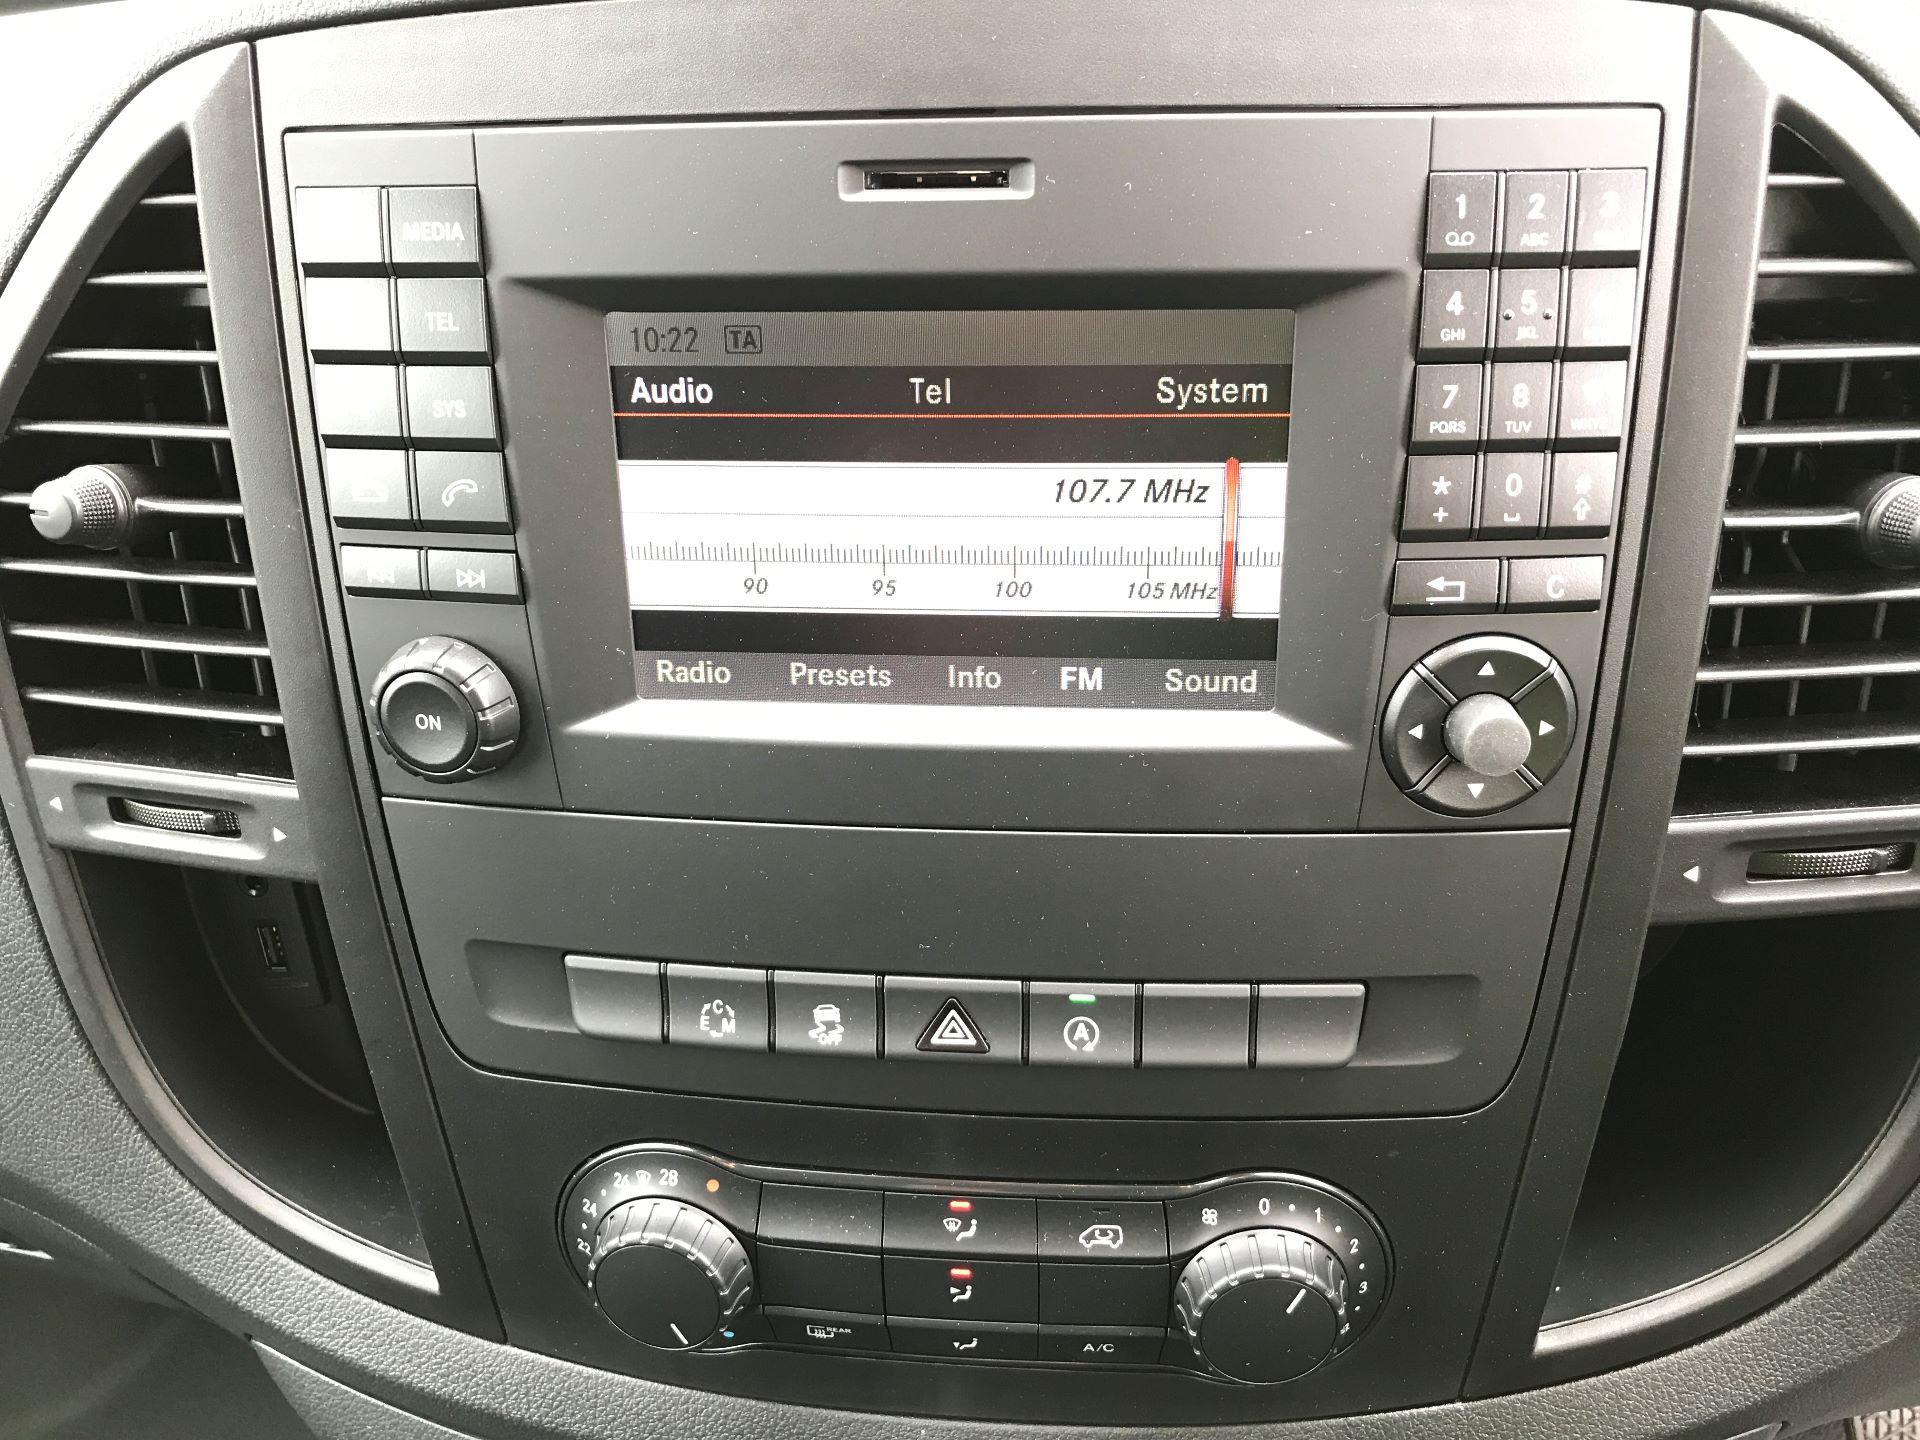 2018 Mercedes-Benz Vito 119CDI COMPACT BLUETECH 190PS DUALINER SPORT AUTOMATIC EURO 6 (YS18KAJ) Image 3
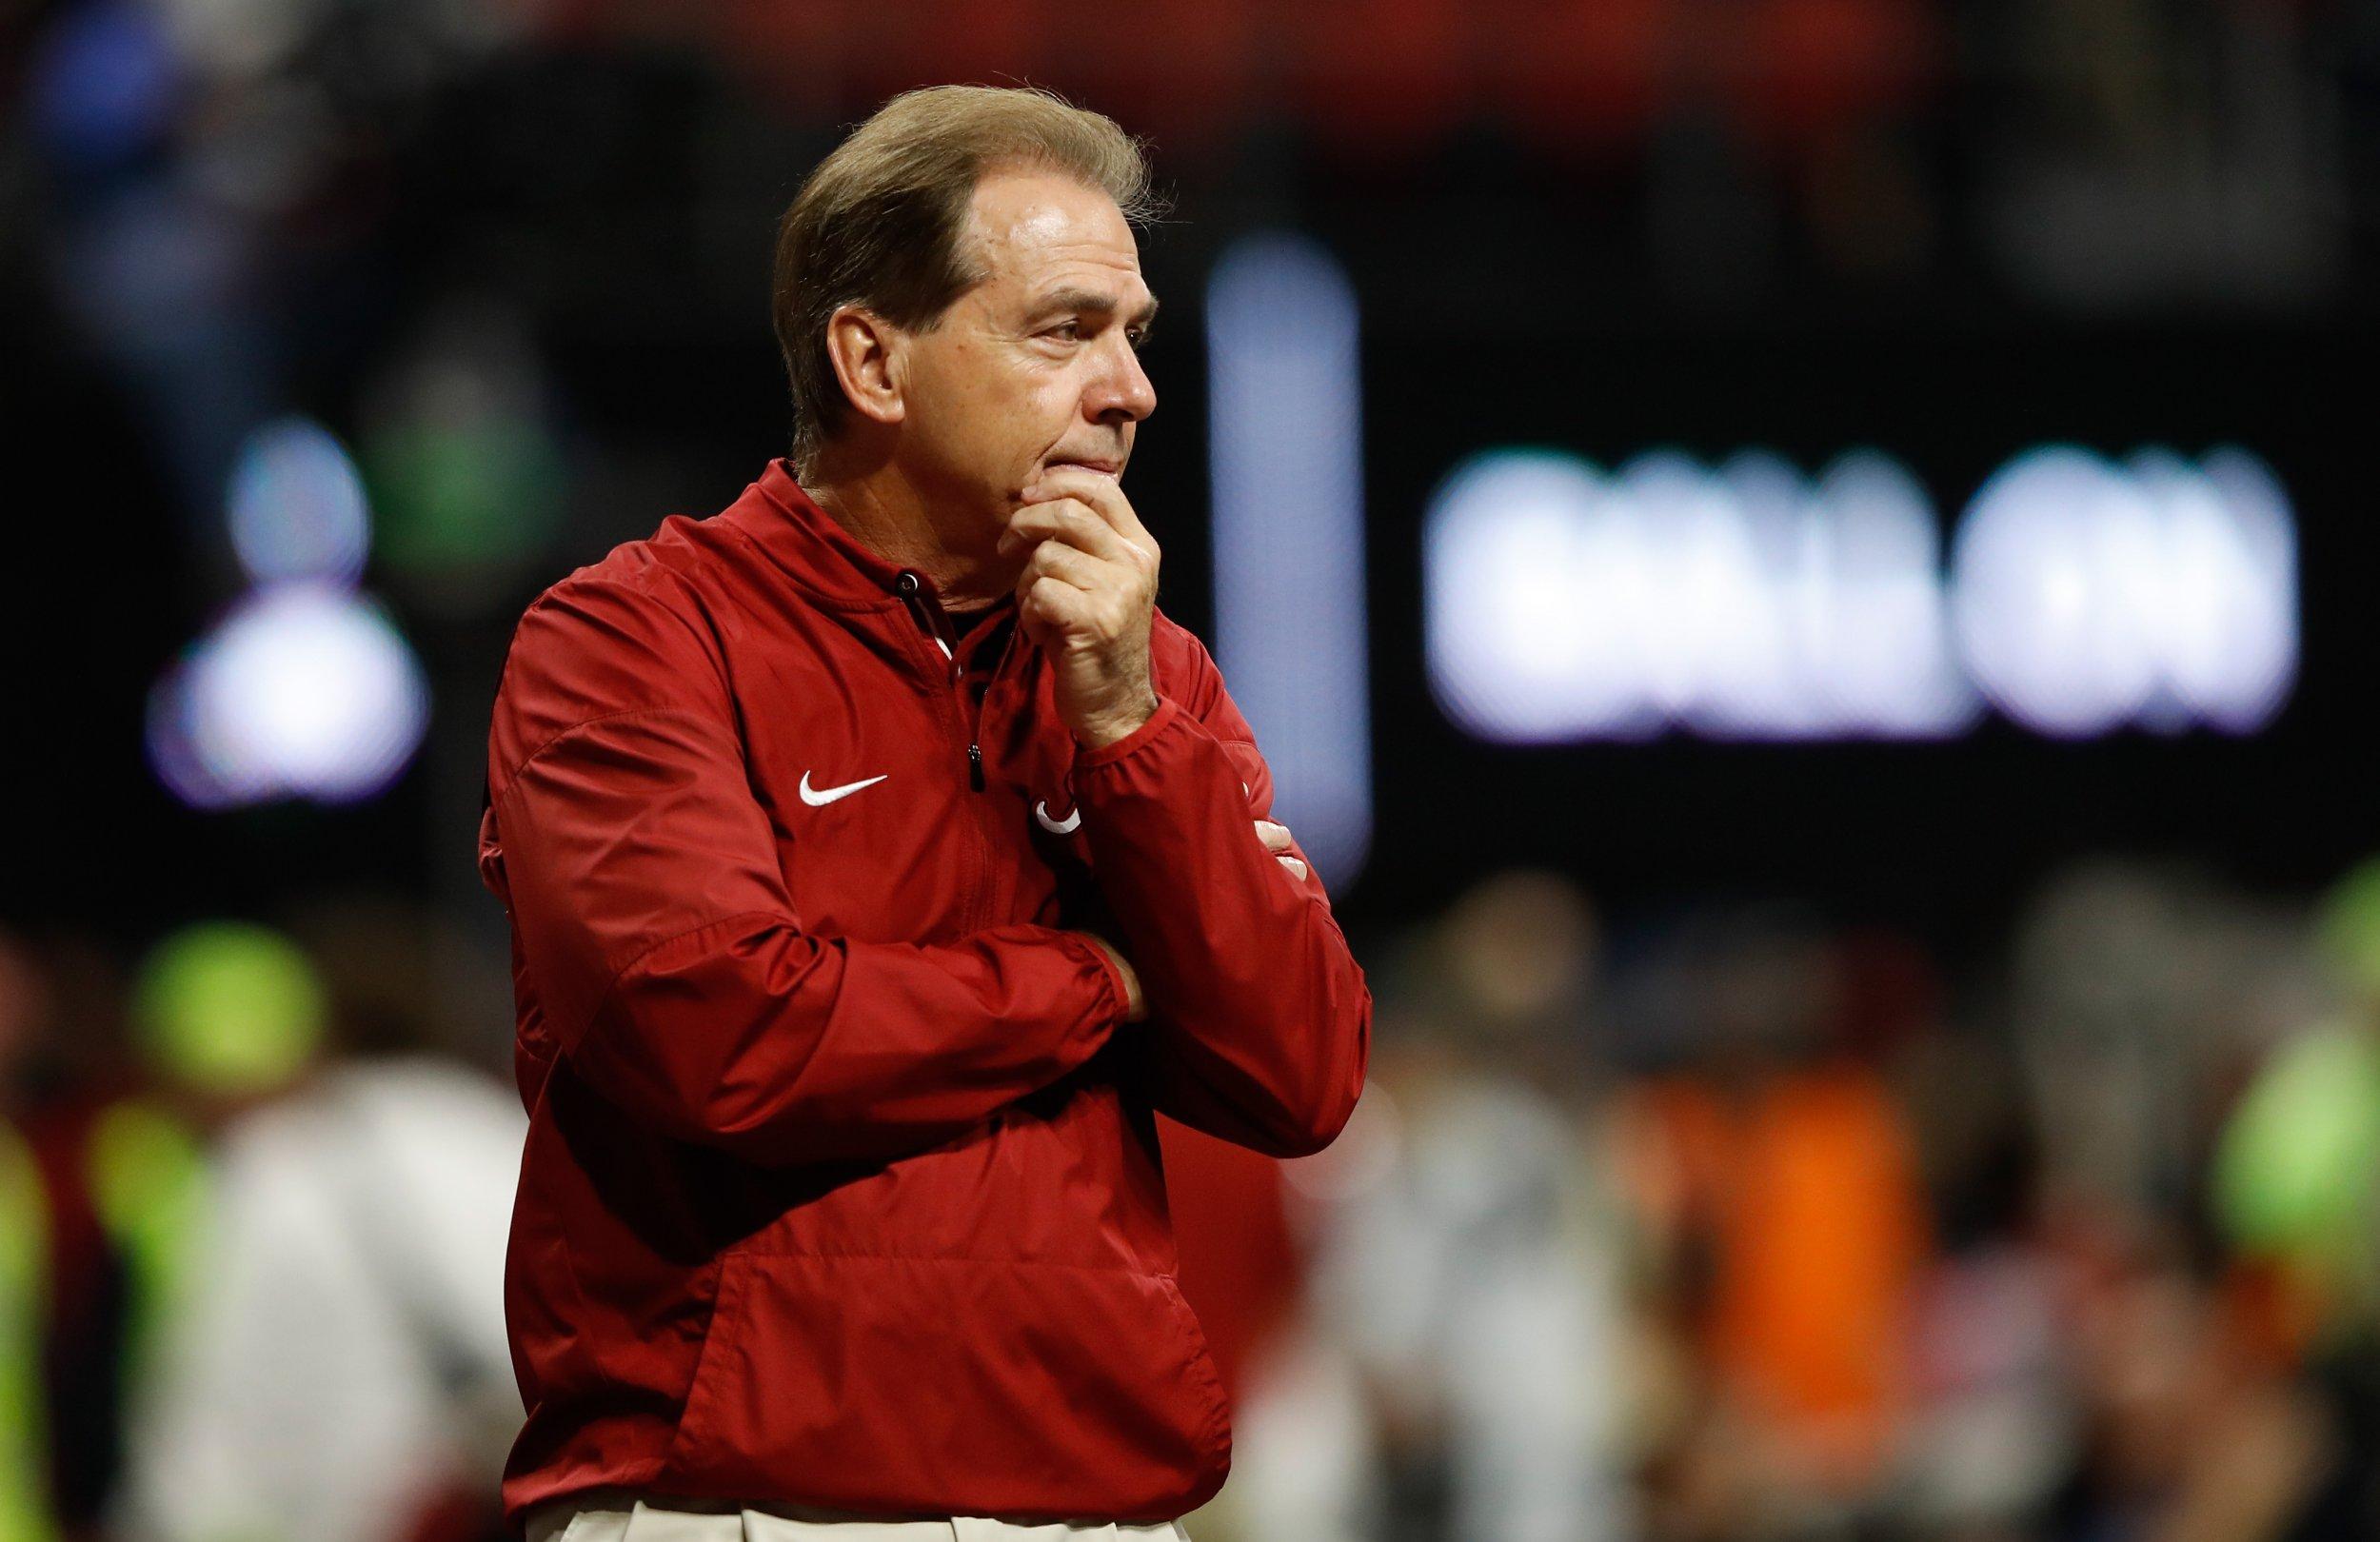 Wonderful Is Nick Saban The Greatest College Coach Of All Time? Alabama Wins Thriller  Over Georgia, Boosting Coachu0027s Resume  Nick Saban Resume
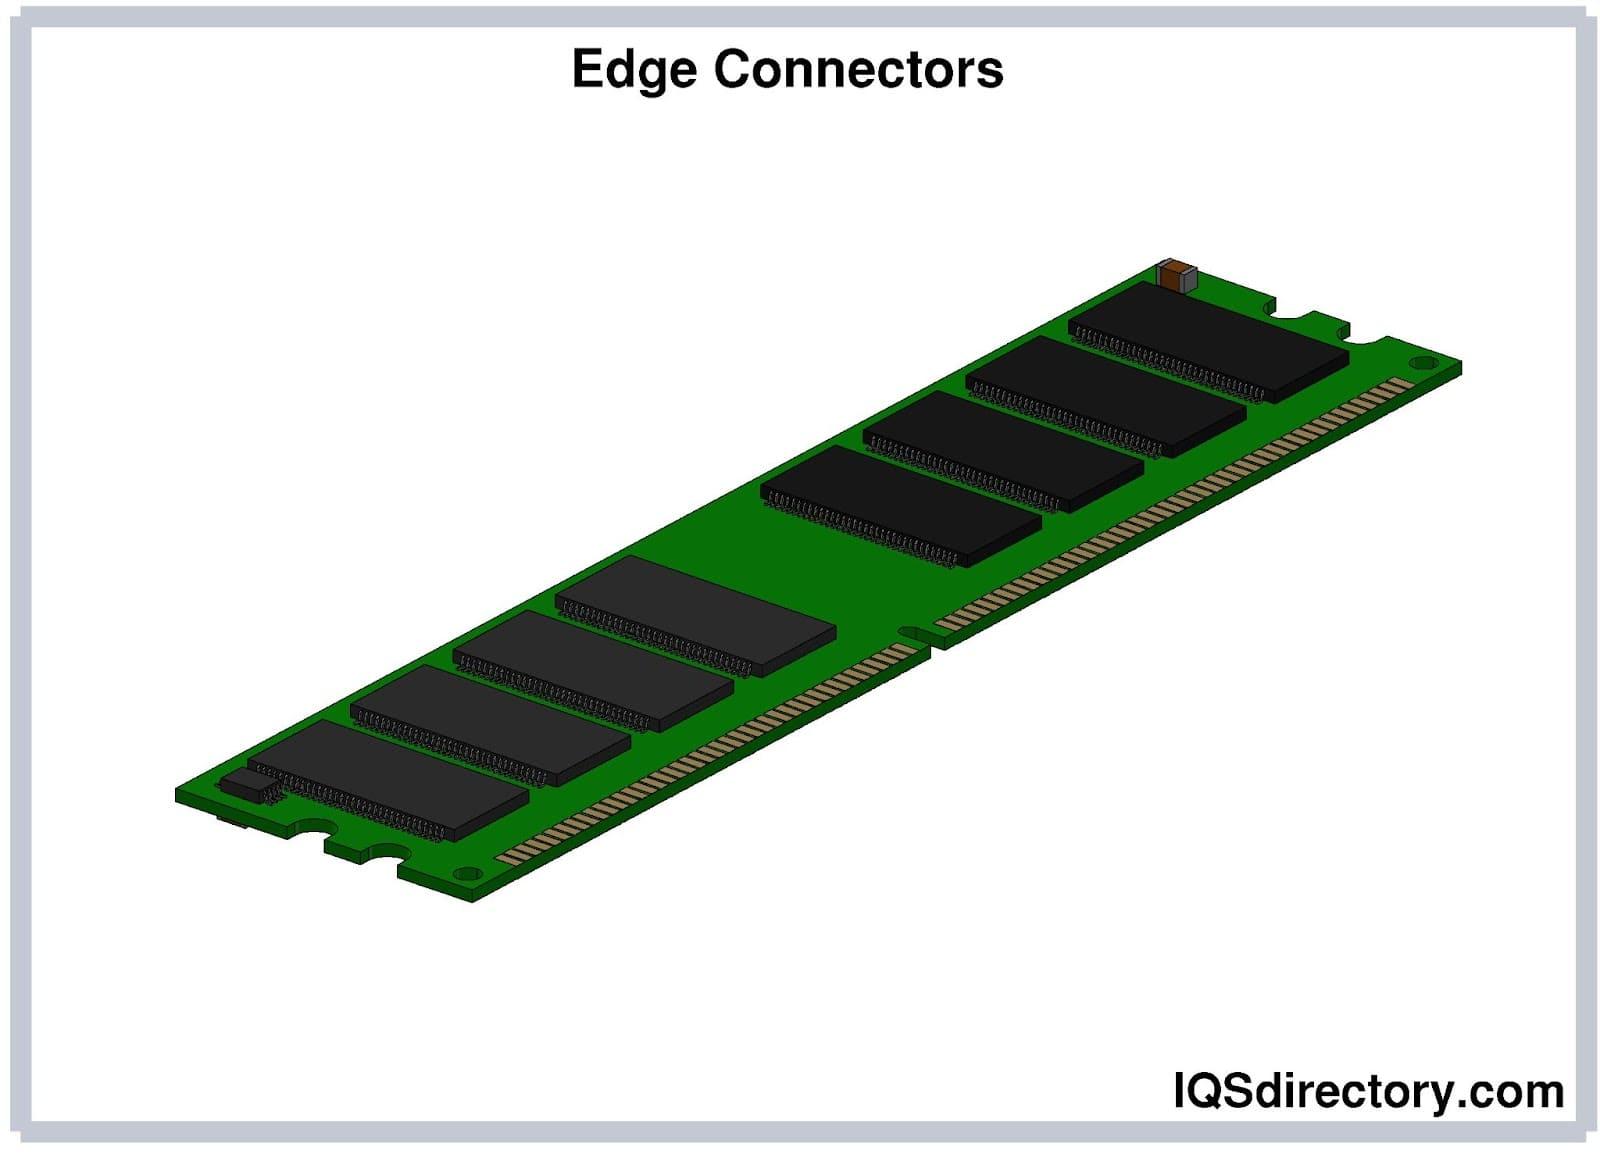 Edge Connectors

____________________

# EXERCISE REQUIREMENTS
Give back the data exactly. Skip any images.

# RESULT FOR THIS EXERCISE
 2018 Mercedes-Benz Vito 119CDI COMPACT BLUETECH 190PS DUALINER SPORT AUTOMATIC EURO 6 (YS18KAJ) Image 3
 Wonderful Is Nick Saban The Greatest College Coach Of All Time? Alabama Wins Thriller  Over Georgia, Boosting Coachu0027s Resume  Nick Saban Resume
 Edge Connectors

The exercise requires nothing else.